08年秋、ノーベル物理学賞と化学賞を、日本で生まれ育った4人の科学者が受賞した。
米国籍の南部陽一郎氏を含め、自然科学分野で日本出身の受賞者はこれで13人。しかし、研究拠点を考えると、東大で研究した自然科学分野の受賞者は小柴昌俊氏しかいない。東大出身のノーベル賞科学者には、南部氏と江崎玲於奈氏もいるが、南部氏は大阪市立大、米プリンストン高等研究所、シカゴ大などで研究。江崎氏は民間企業で研究者としての道を歩んだ。

伊東乾氏が『日本にノーベル賞が来る理由』(朝日新書)でも述べているように、「専門的に高い業績さえ上げればノーベル賞が来る」わけではなく、国際政治や世界状況が反映する。
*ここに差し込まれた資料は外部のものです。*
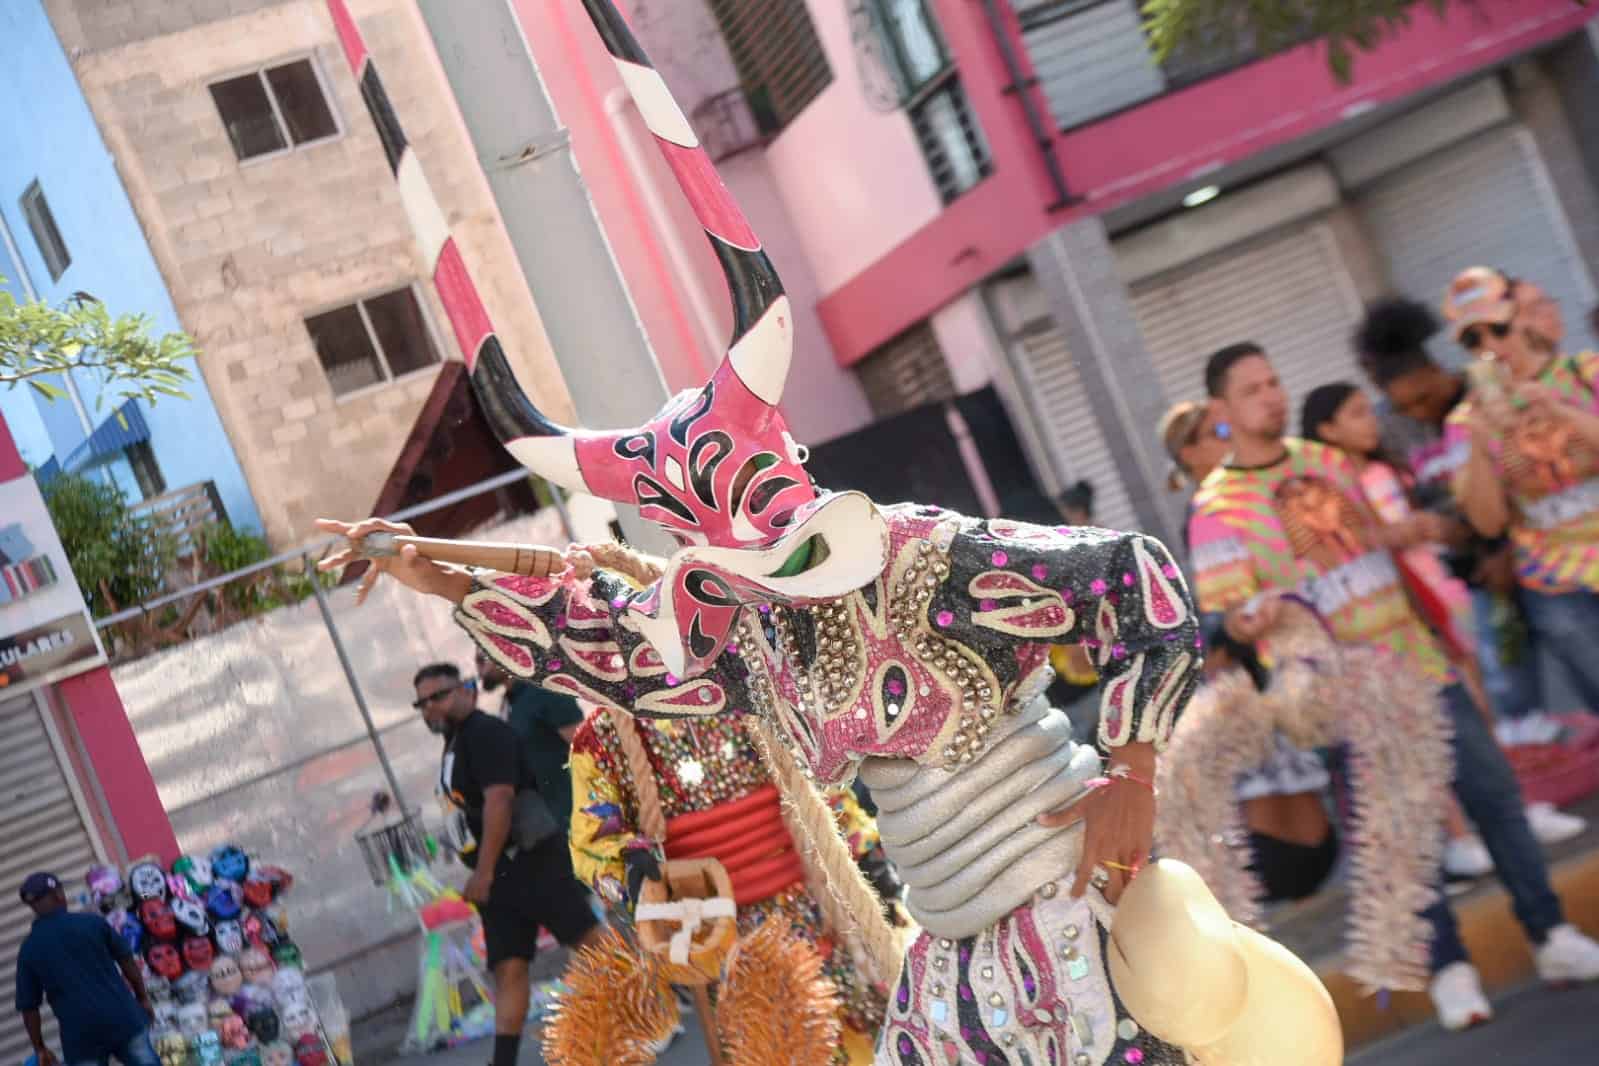 Suspenden próxima salida del carnaval en Santiago por muerte de niño – El Profe Show

しかし、当然ながら世界的なレベルの研究成果がなければ、可能性はない。
日本の最高学府と自他共に認め、歴史的な背景もあり、多額の研究教育基盤的な資金を国から受けてきた東大の受賞者がなぜ少ないのか。東大出身ながら、途中、日本を飛び出し、米国で医学、医師のキャリアを積み内科教授になった後、帰国して東大の教授になった筆者の経験をもとに考えてみたい。

東大では、この時代になってもいわゆる「四行教授」のステータスが高いという信じがたい現状がある。

四行教授とは、履歴書に「東京大学卒、東大助手、東大助教授、東大教授」(これからは准教授などが入って5、6行になる人も多いだろうが基本的には変わらない)の4行しかないという、純粋培養の道を歩んだ人のことだ。これが最も由緒正しく、付け加えるとしても2、3年の海外留学で箔(はく)をつける程度。東大に限らず、役所、企業にもある硬直化した日本の組織の特徴をよくあらわしている。
ちなみに日本で教育を受けた自然科学系のノーベル賞受賞者には、「四行教授」は1人もいない。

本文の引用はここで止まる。